Segment Open

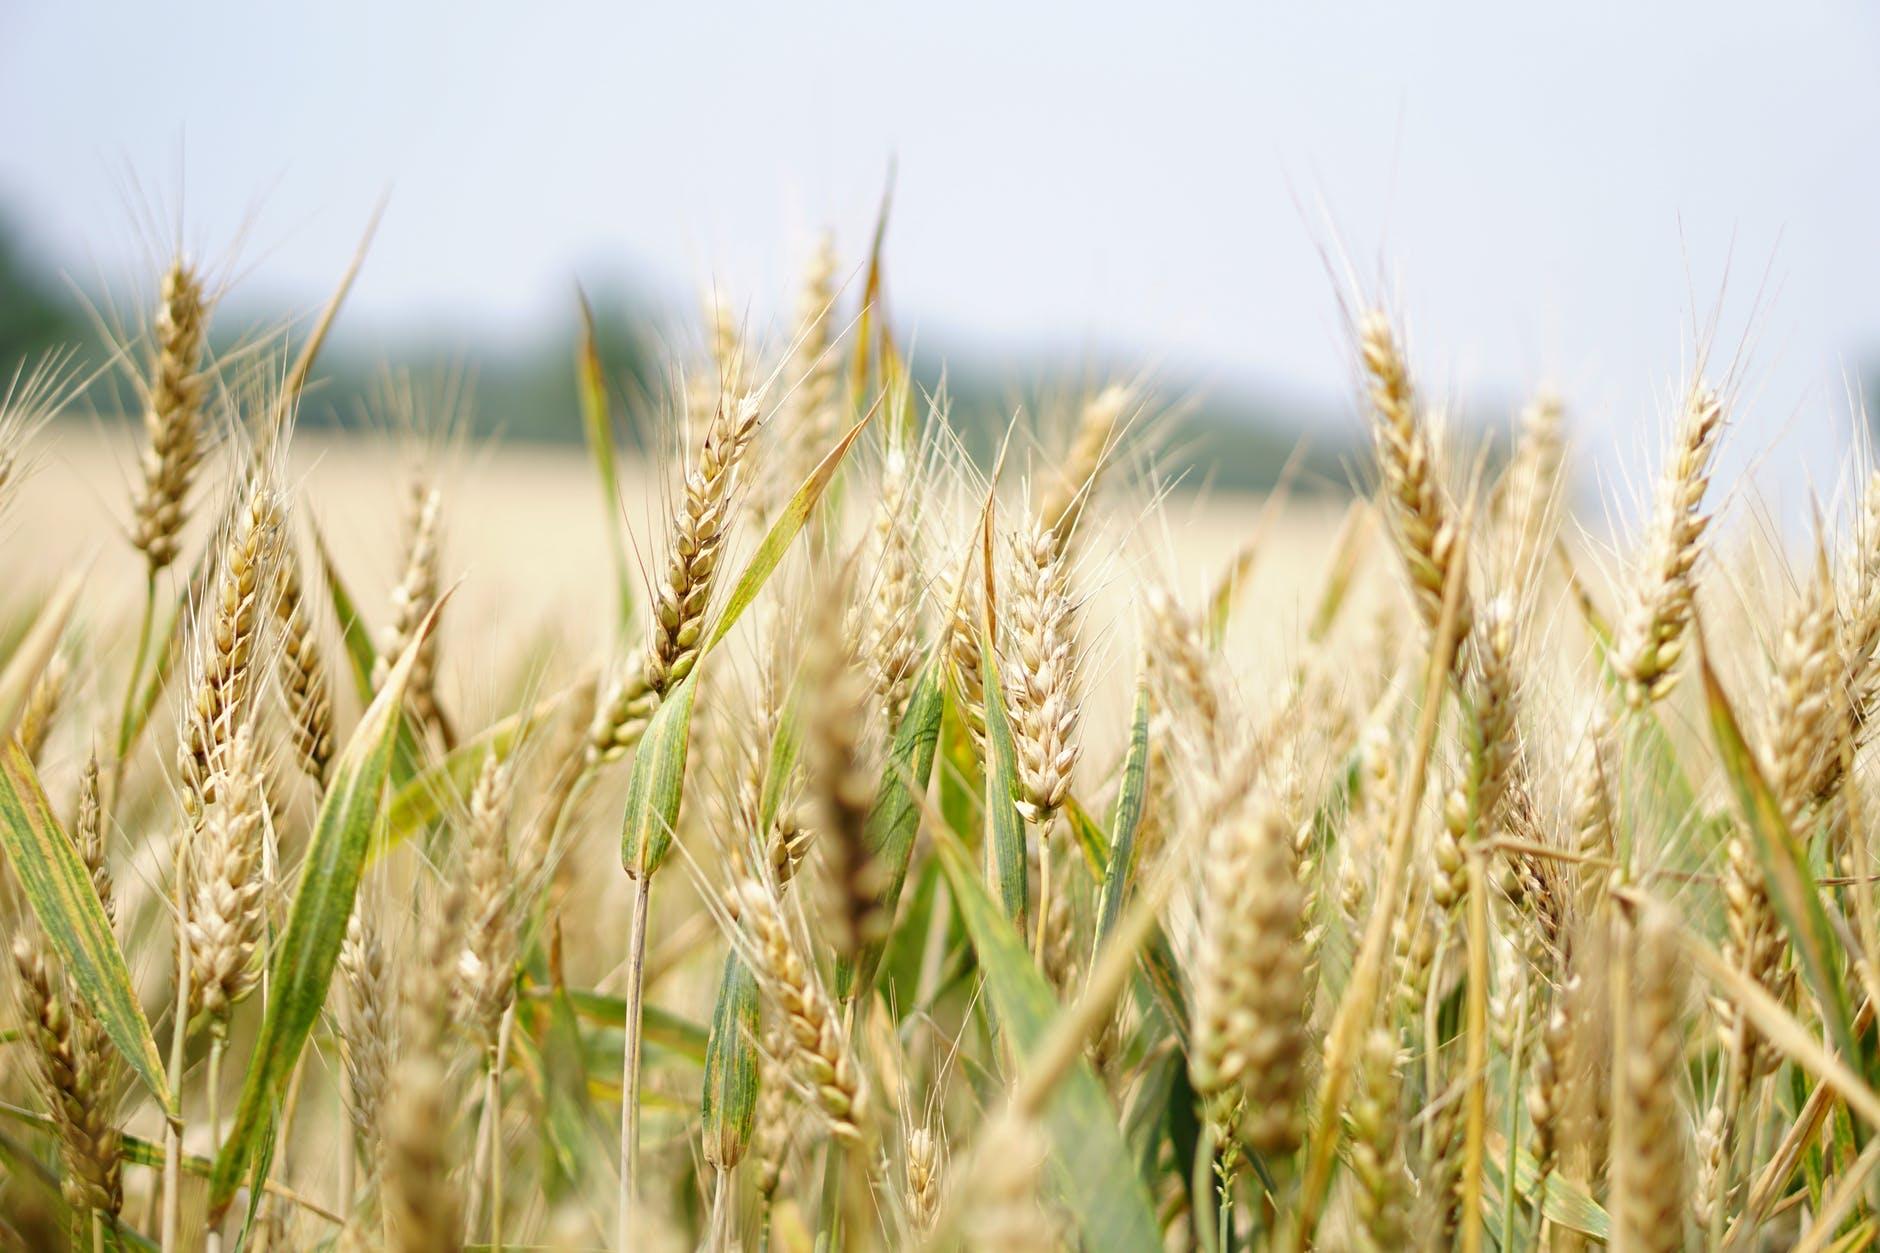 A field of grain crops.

Segment Closed
Segment Open

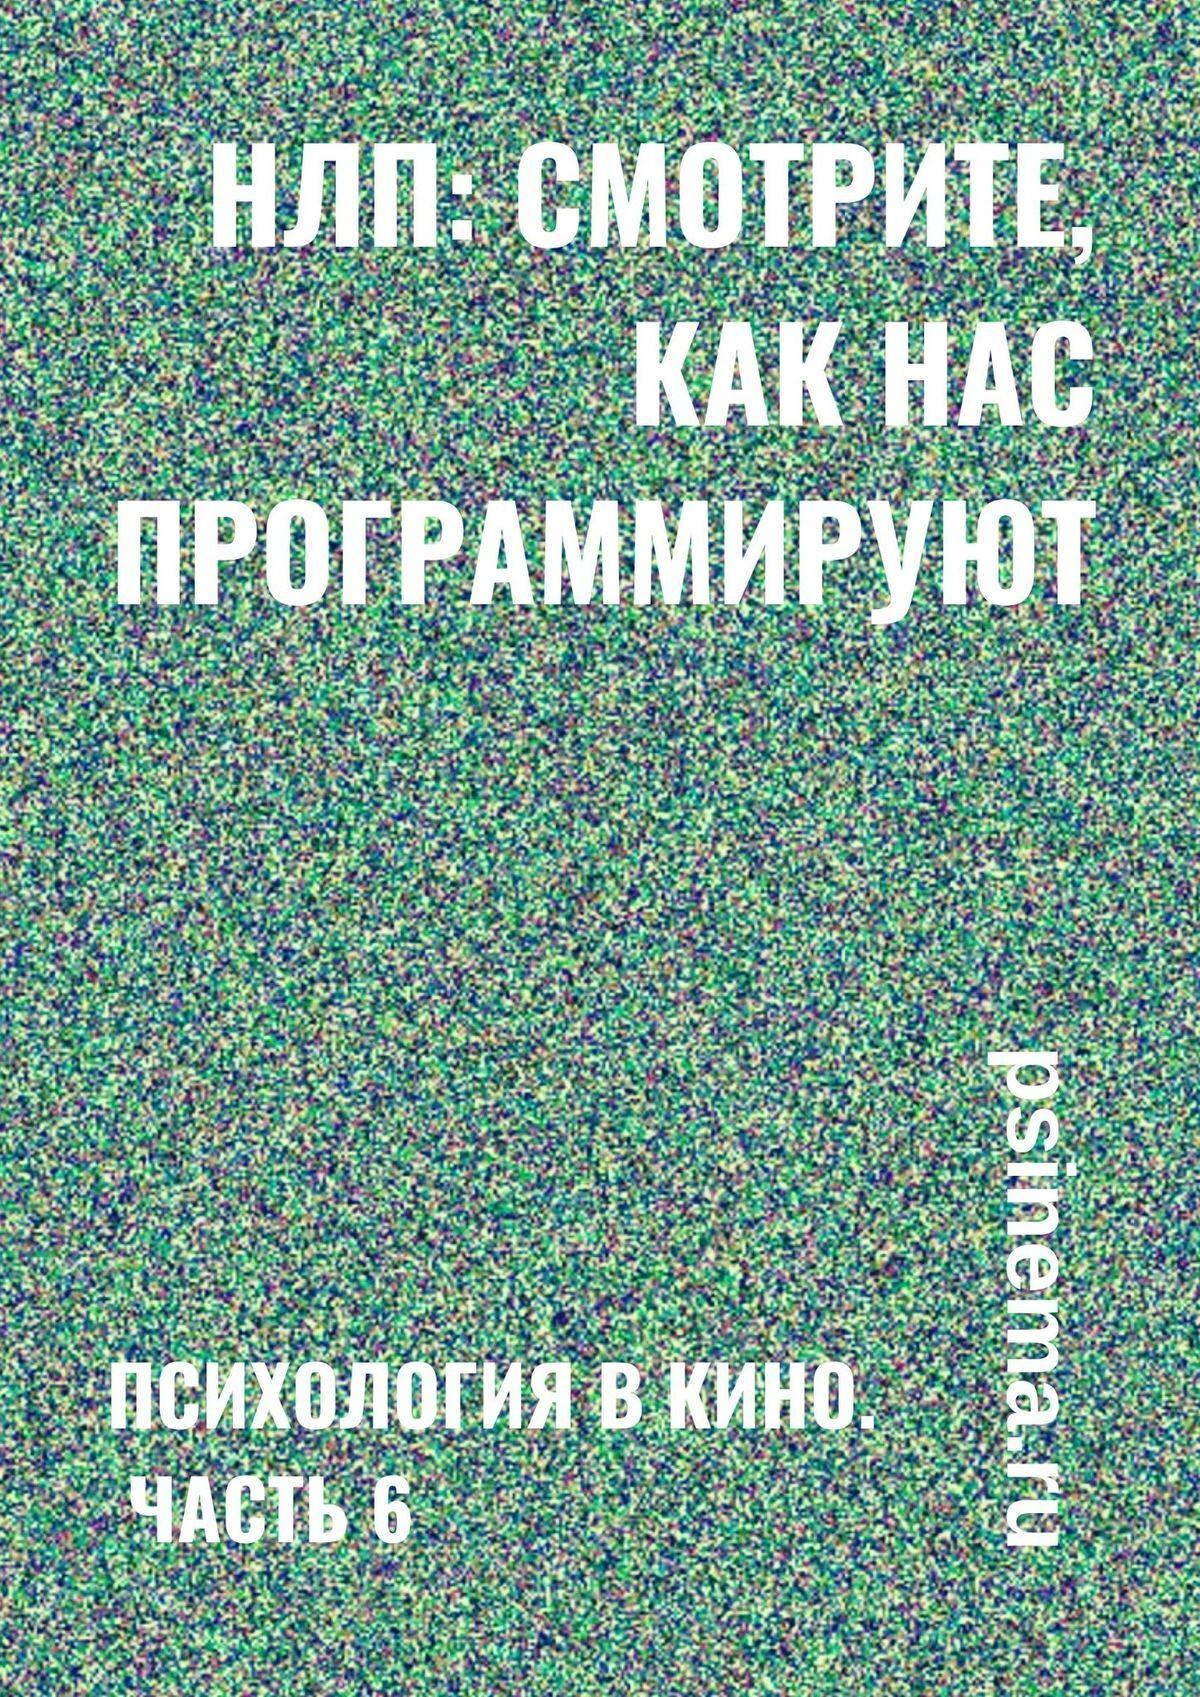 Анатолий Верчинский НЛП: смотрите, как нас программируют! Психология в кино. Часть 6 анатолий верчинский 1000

Segment Closed
Segment Open

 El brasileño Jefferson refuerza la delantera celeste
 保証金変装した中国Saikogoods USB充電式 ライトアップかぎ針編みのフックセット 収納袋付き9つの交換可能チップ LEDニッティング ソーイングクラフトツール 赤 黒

Segment Closed

◆ **What you need to do**: Among the entries above, find the line with "El brasileño Jefferson" and the line with "保証金変装した中国Saikogoods USB充電式 ライトアップかぎ針編みのフックセット"; give again exactly these two lines and all lines between them.

◆ **Exercise answer**:
 El brasileño Jefferson refuerza la delantera celeste
 保証金変装した中国Saikogoods USB充電式 ライトアップかぎ針編みのフックセット 収納袋付き9つの交換可能チップ LEDニッティング ソーイングクラフトツール 赤 黒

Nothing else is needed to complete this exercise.